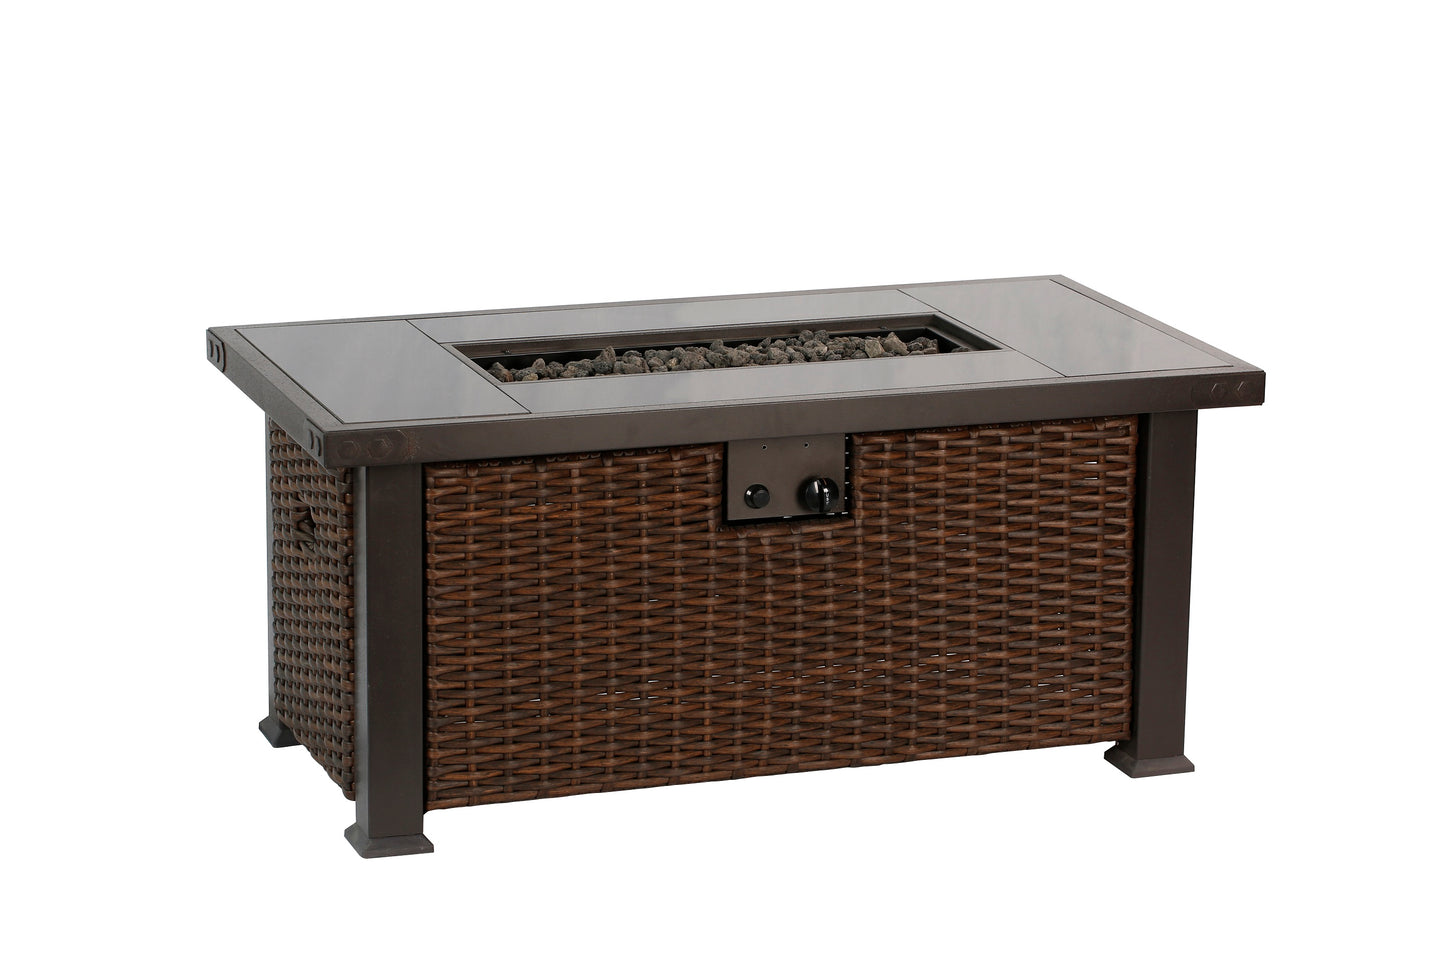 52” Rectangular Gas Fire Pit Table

=======

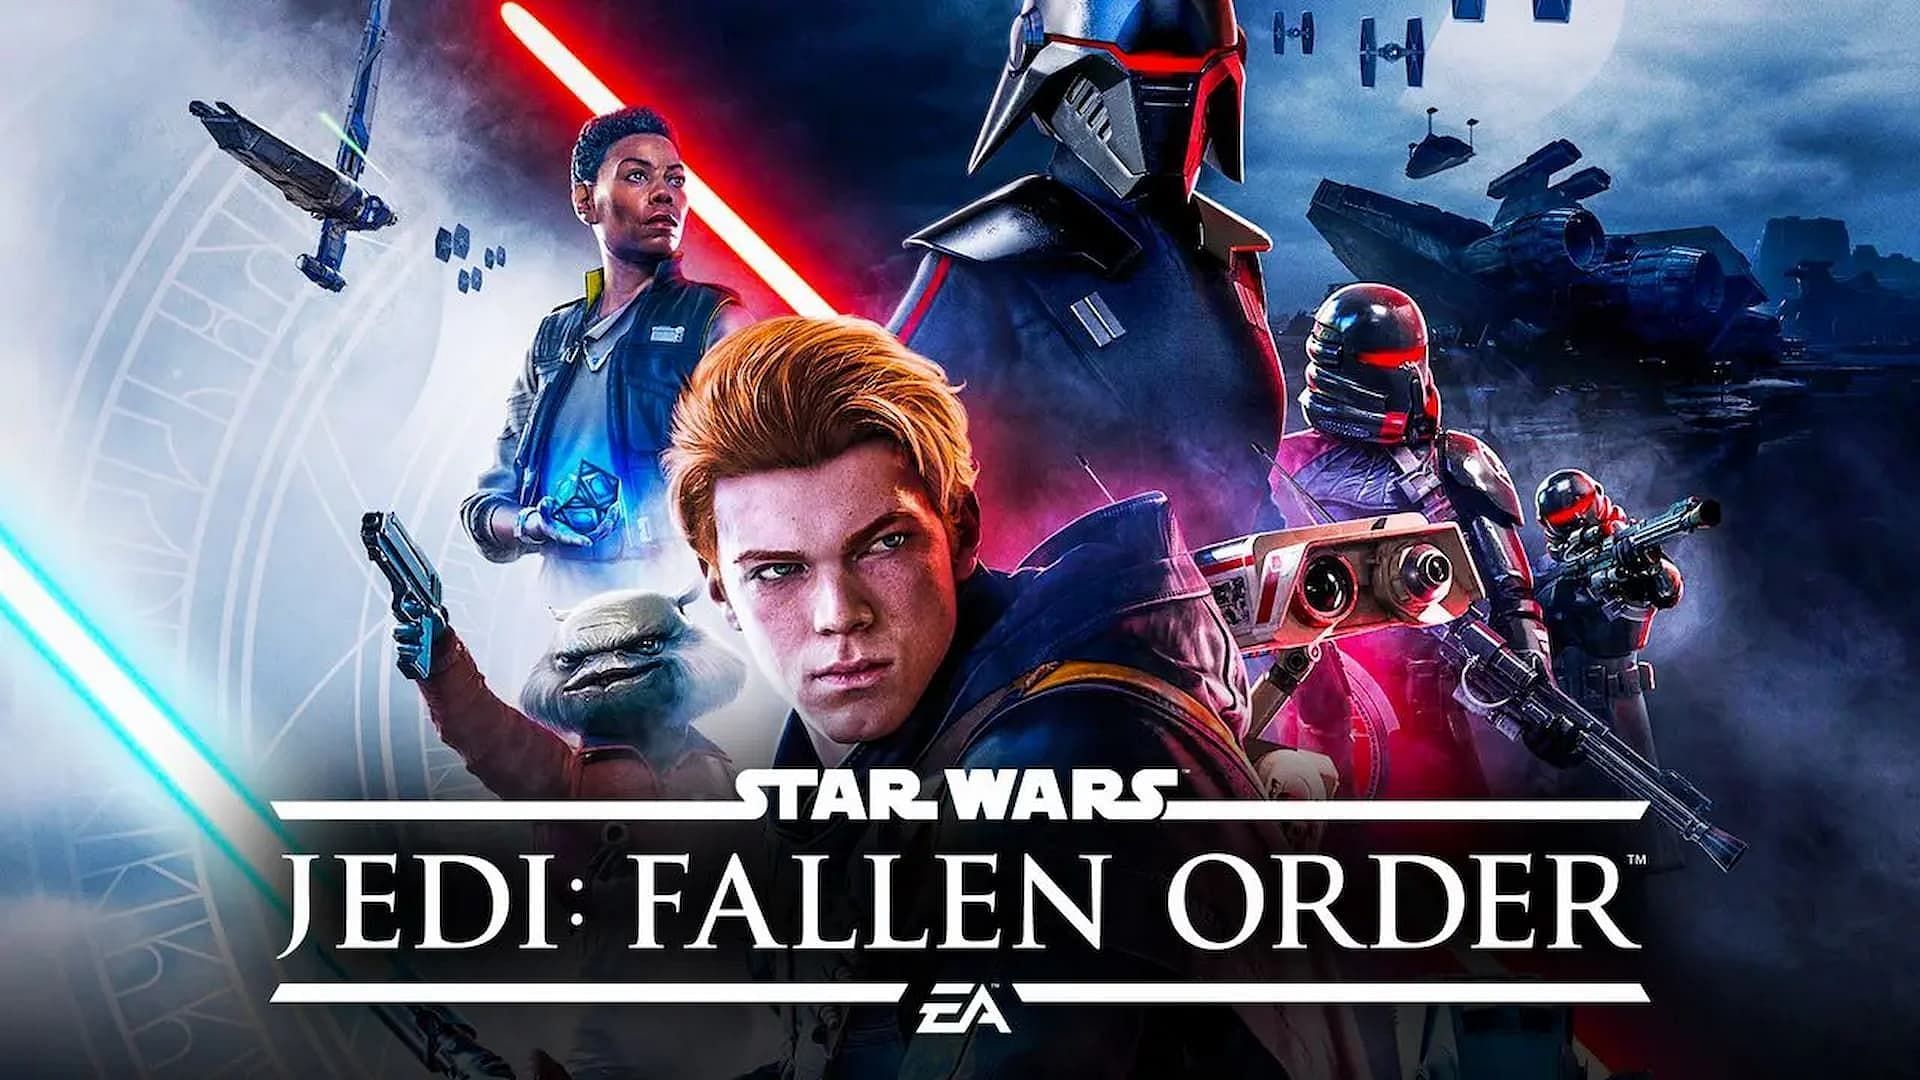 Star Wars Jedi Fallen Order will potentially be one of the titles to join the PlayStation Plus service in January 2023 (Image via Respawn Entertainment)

=======

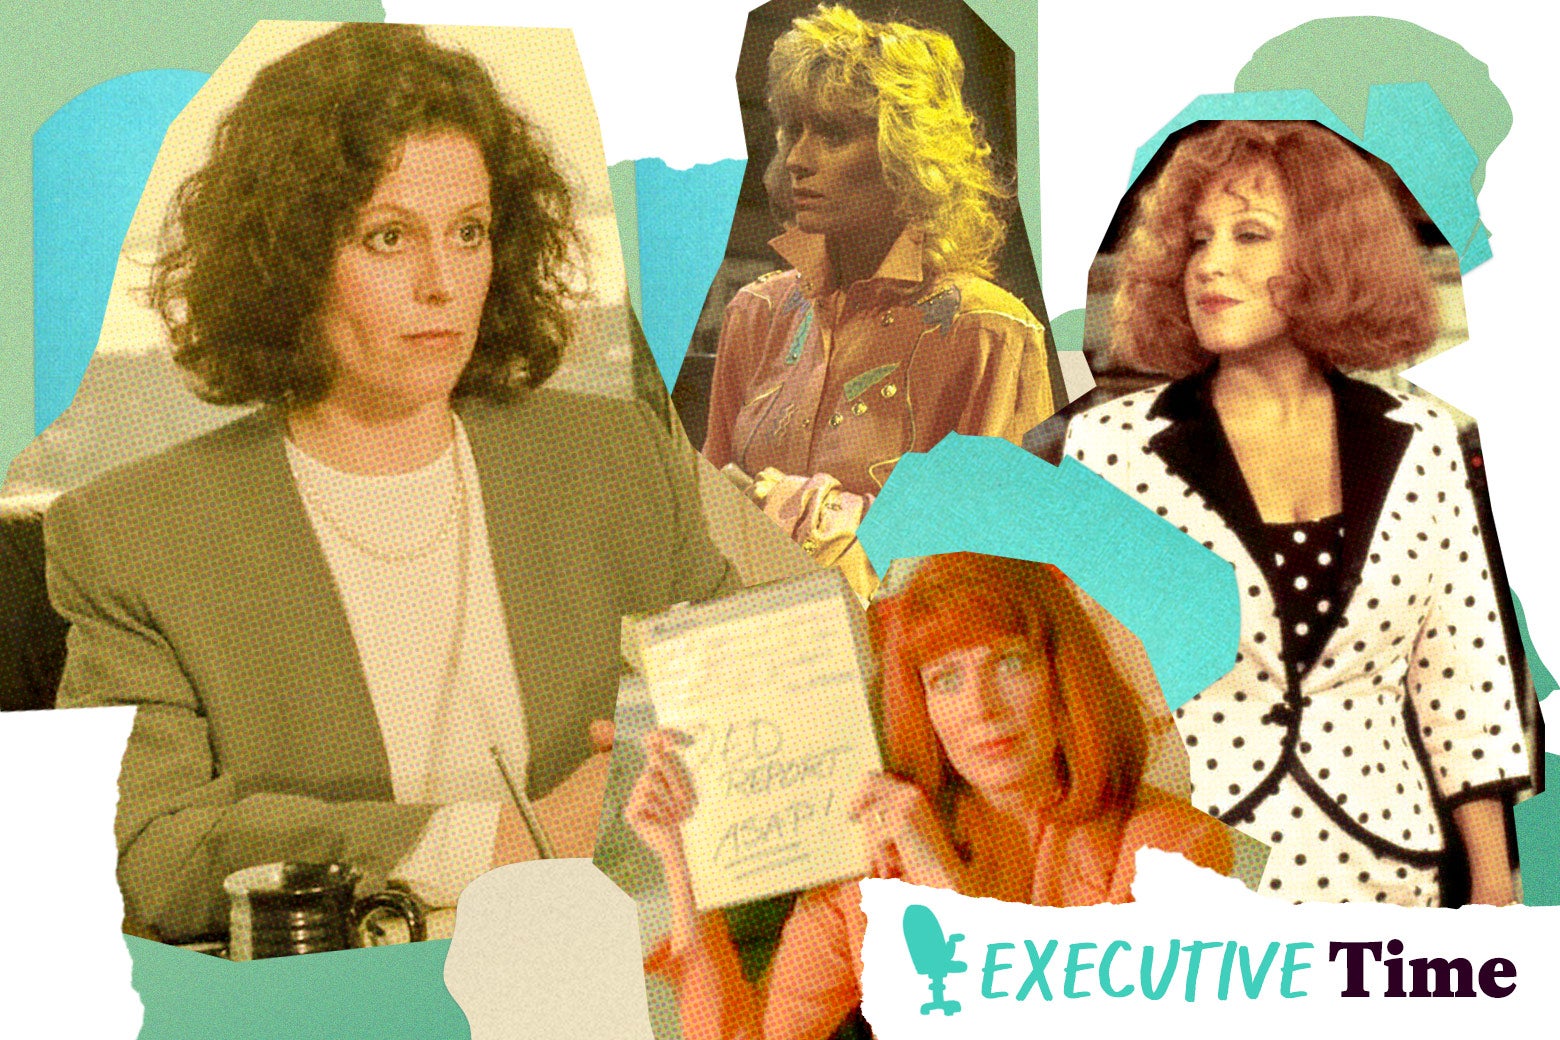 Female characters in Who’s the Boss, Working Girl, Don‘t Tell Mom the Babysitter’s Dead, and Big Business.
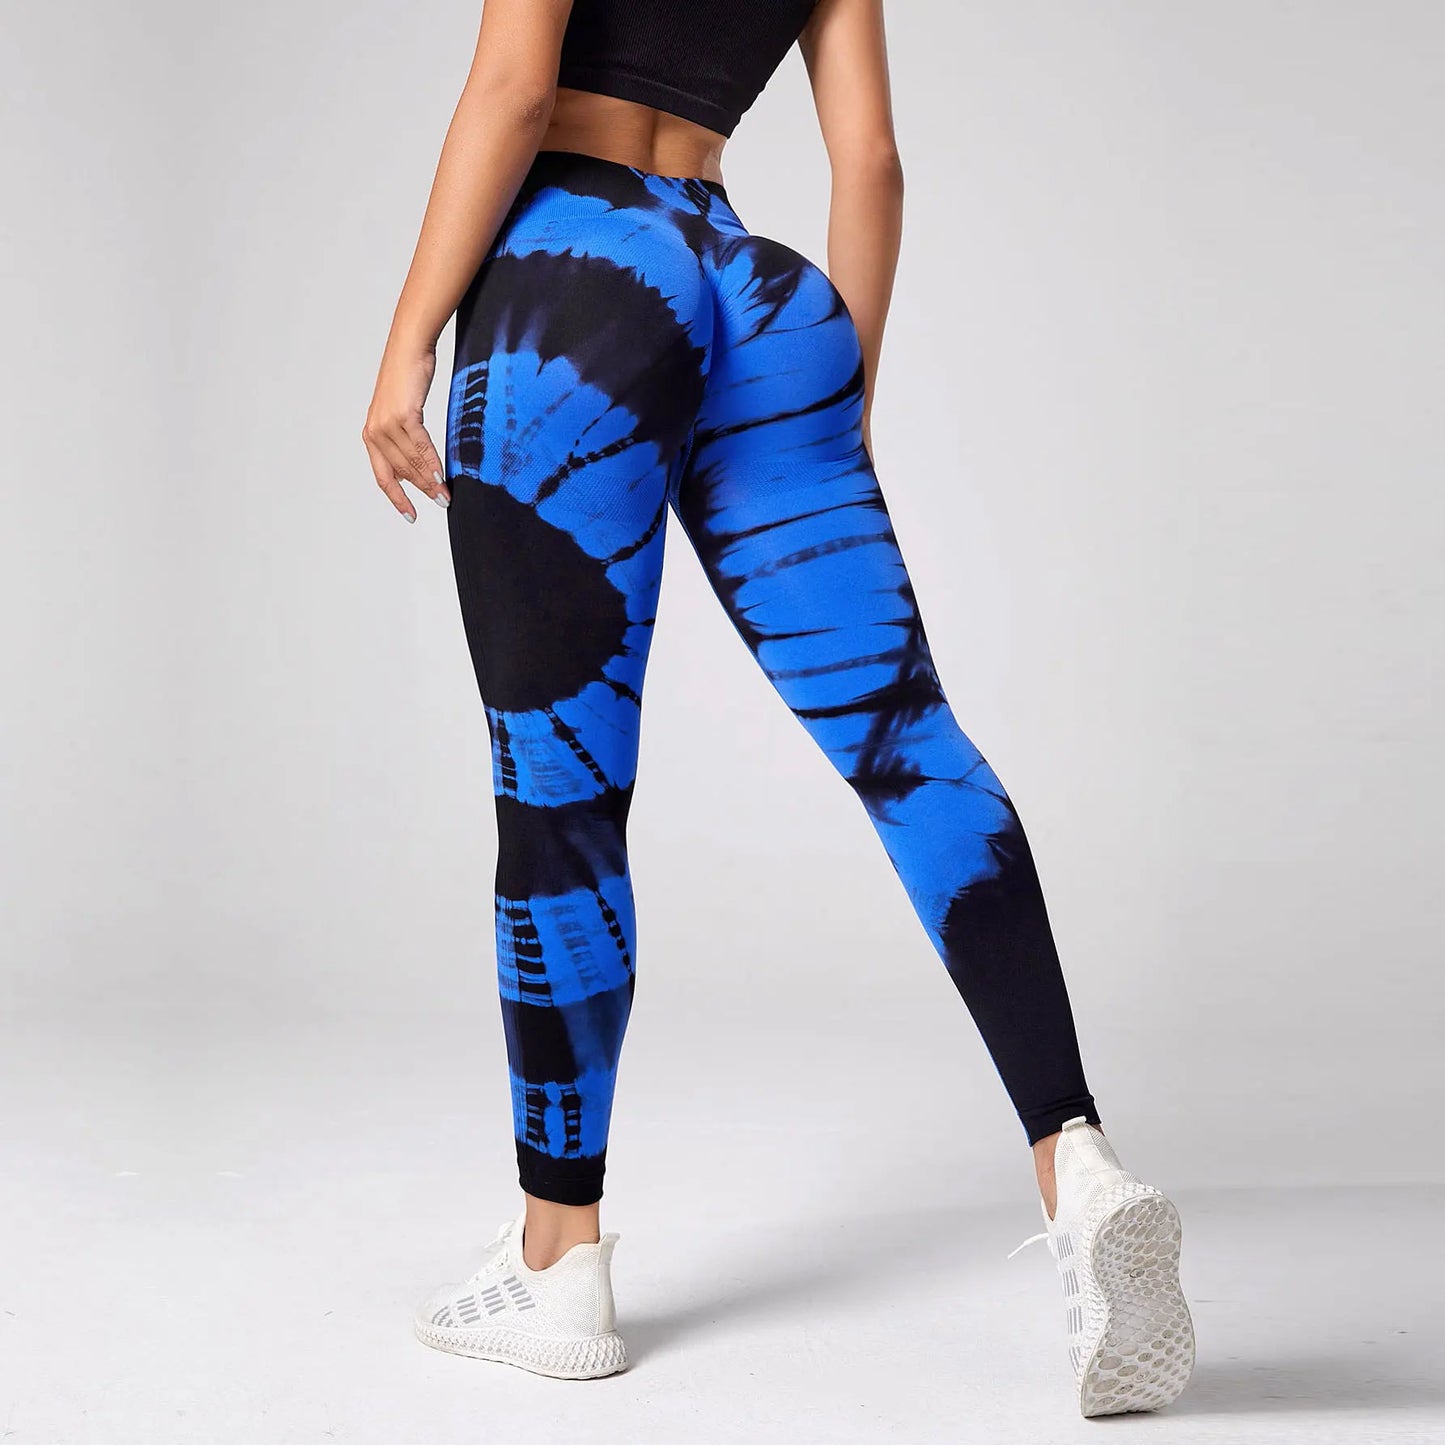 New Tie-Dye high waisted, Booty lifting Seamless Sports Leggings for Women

=======

What you will do
Write out exactly the run of lines above that starts at the line containing "Female characters in" and ends at the line containing "New Tie-Dye high". Include both, and leave the pictures out.

Response to the task
 Female characters in Who’s the Boss, Working Girl, Don‘t Tell Mom the Babysitter’s Dead, and Big Business.
 New Tie-Dye high waisted, Booty lifting Seamless Sports Leggings for Women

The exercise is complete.